Segment Start: INFORMATION PROVIDED

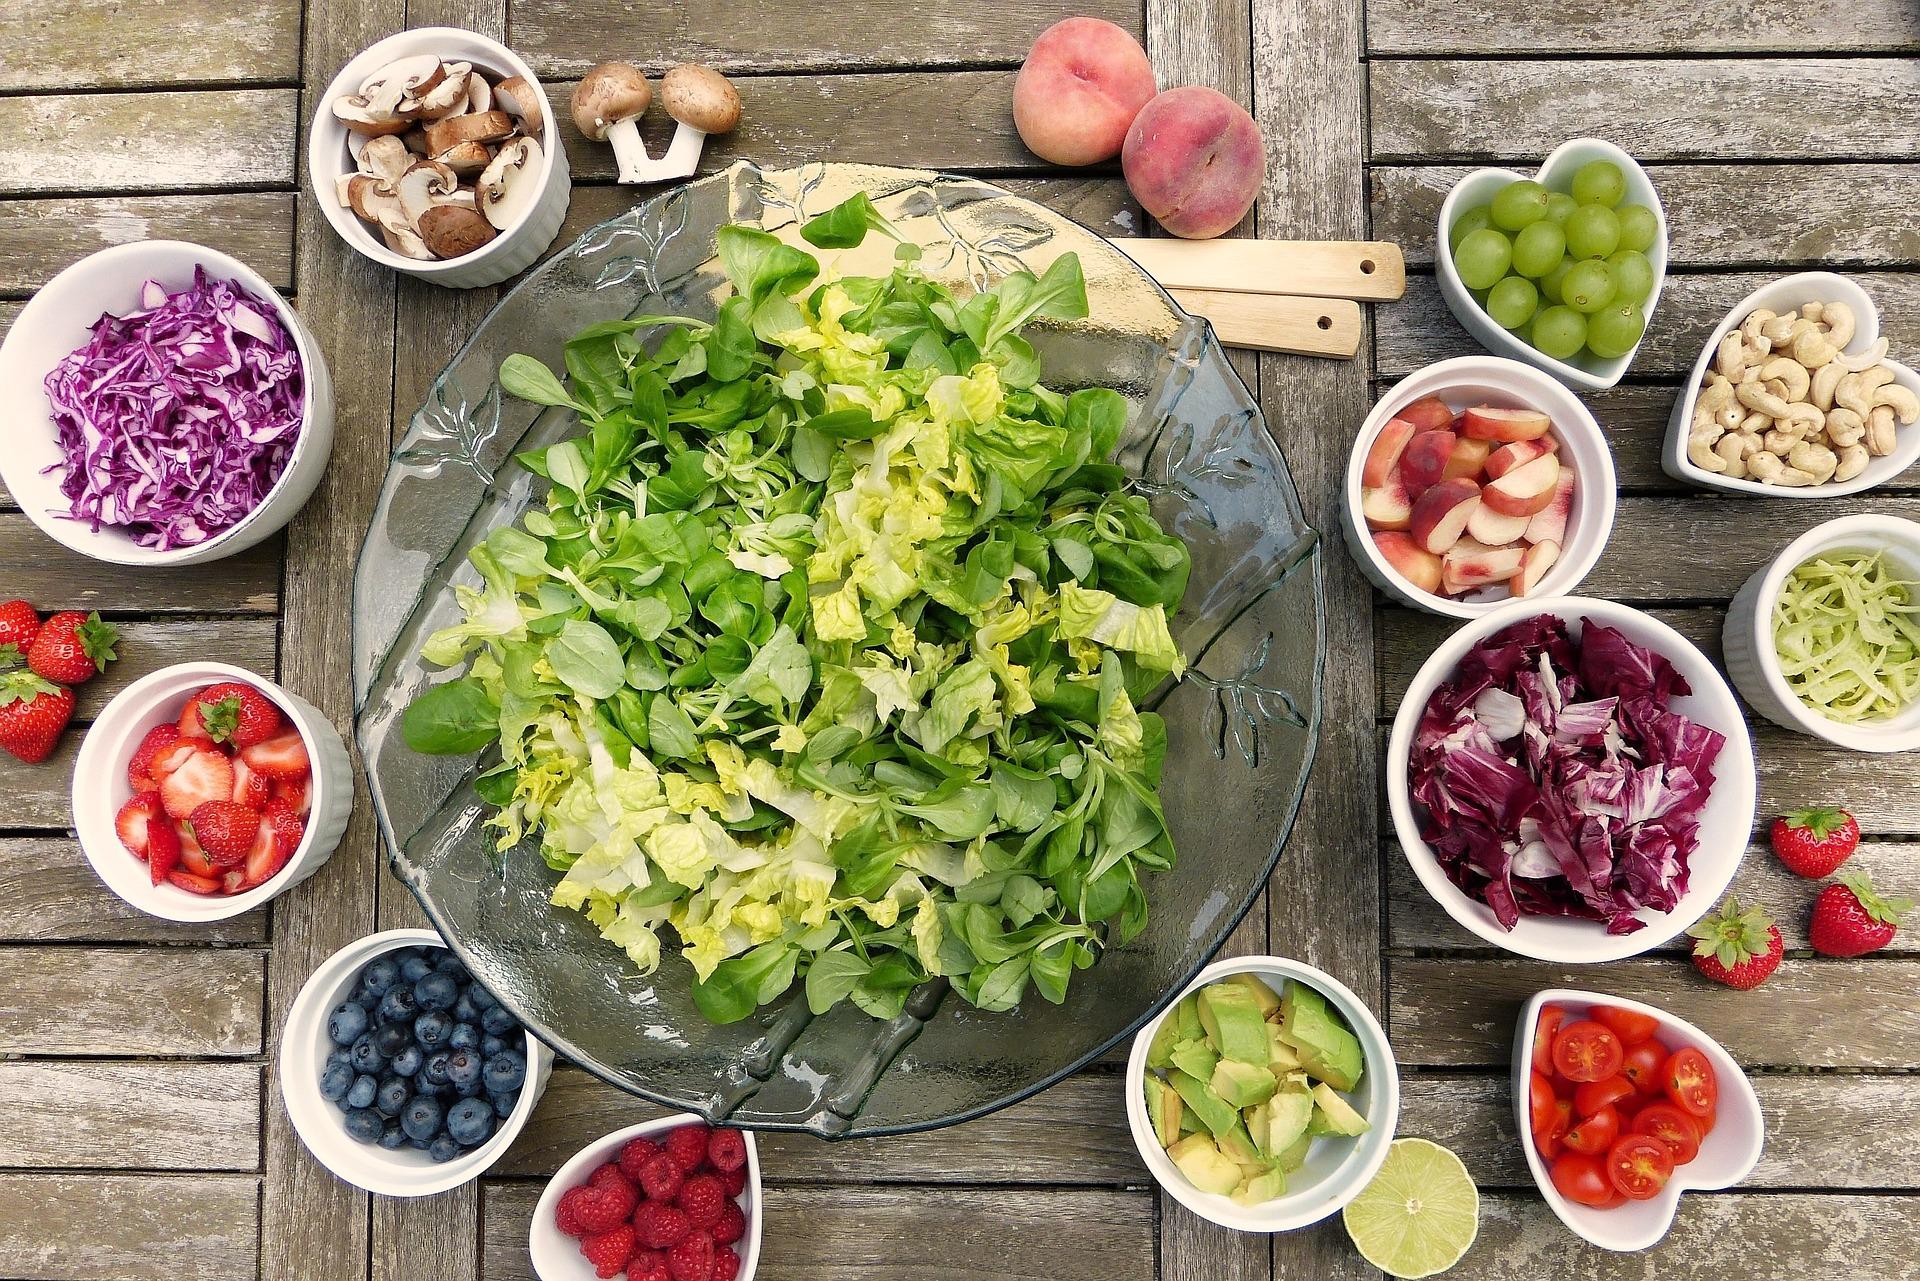 Ernährung aus der Sicht, der genetischen Evolution
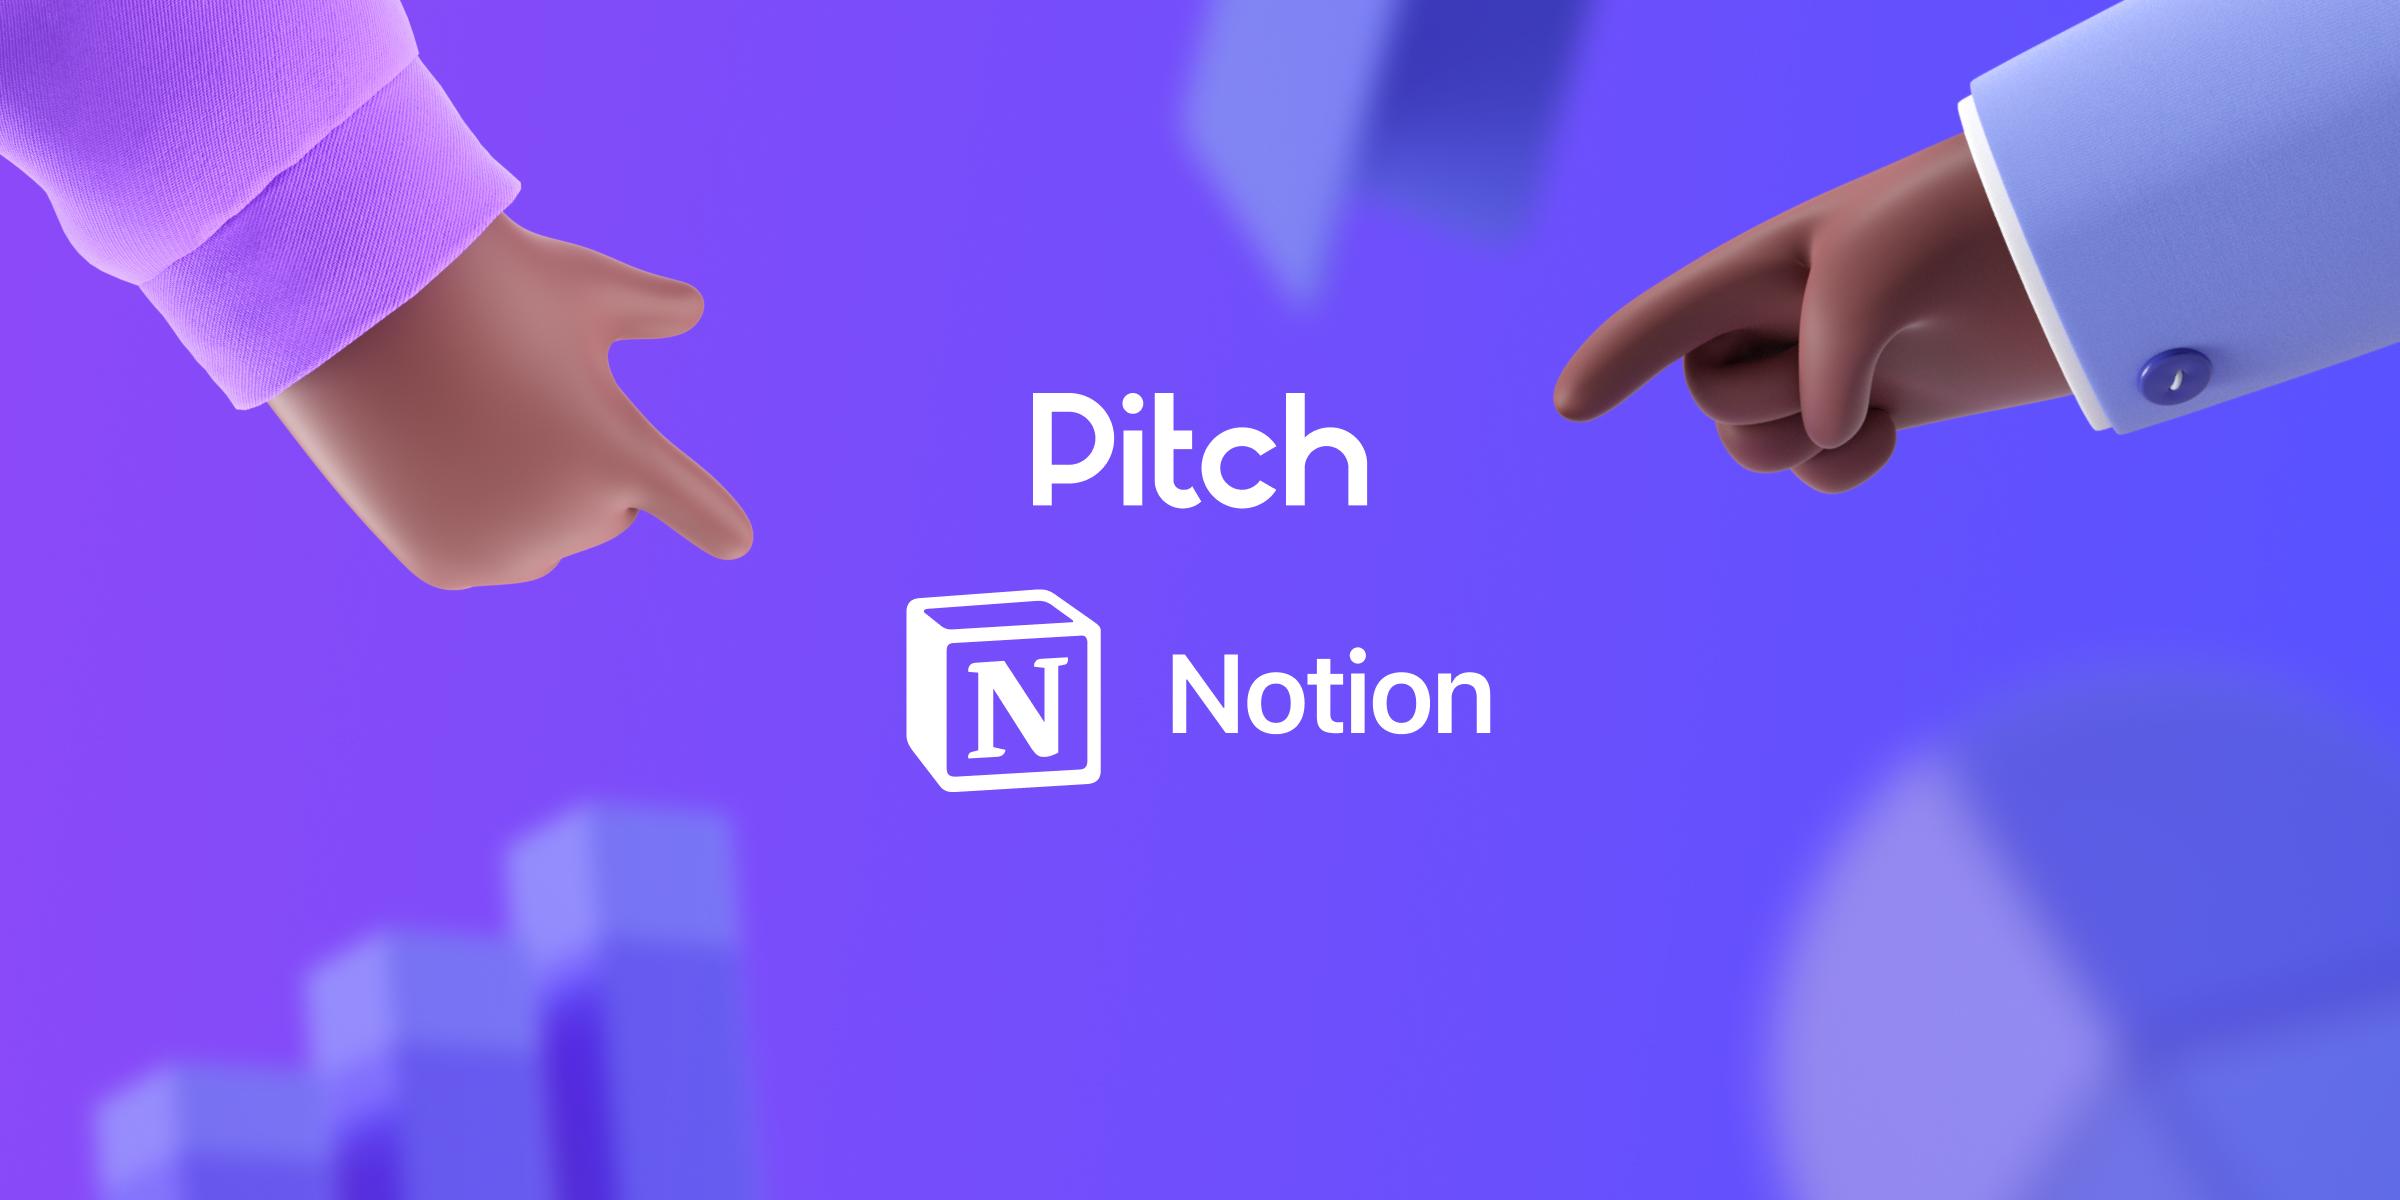 Notion-Pitch-remote-work
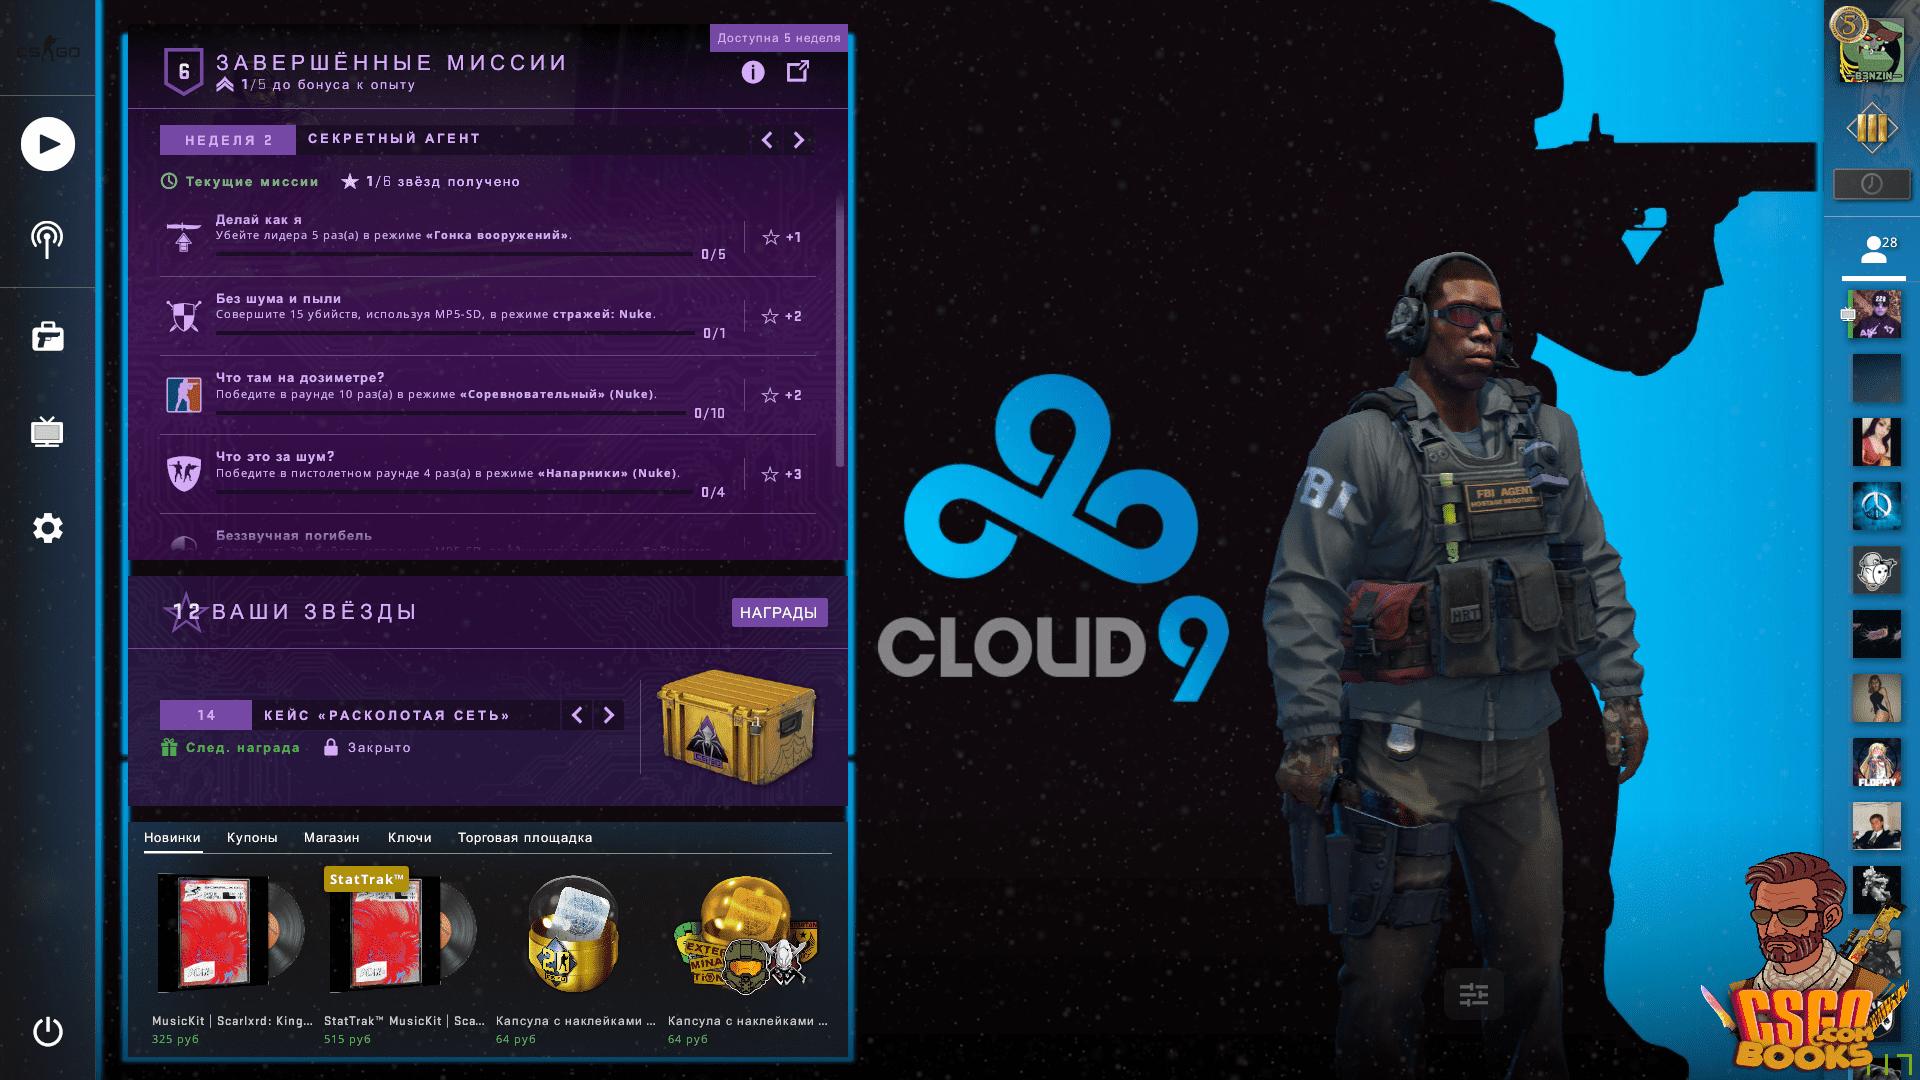 Cloud9 panorama ui фон для главного меню ксго

Segment End: INFORMATION PROVIDED

_TASK ITEM:_
Leaving out the pictures, output the listing above exactly as given.

_TASK OUTPUT:_
 Ernährung aus der Sicht, der genetischen Evolution
 Notion-Pitch-remote-work
 Cloud9 panorama ui фон для главного меню ксго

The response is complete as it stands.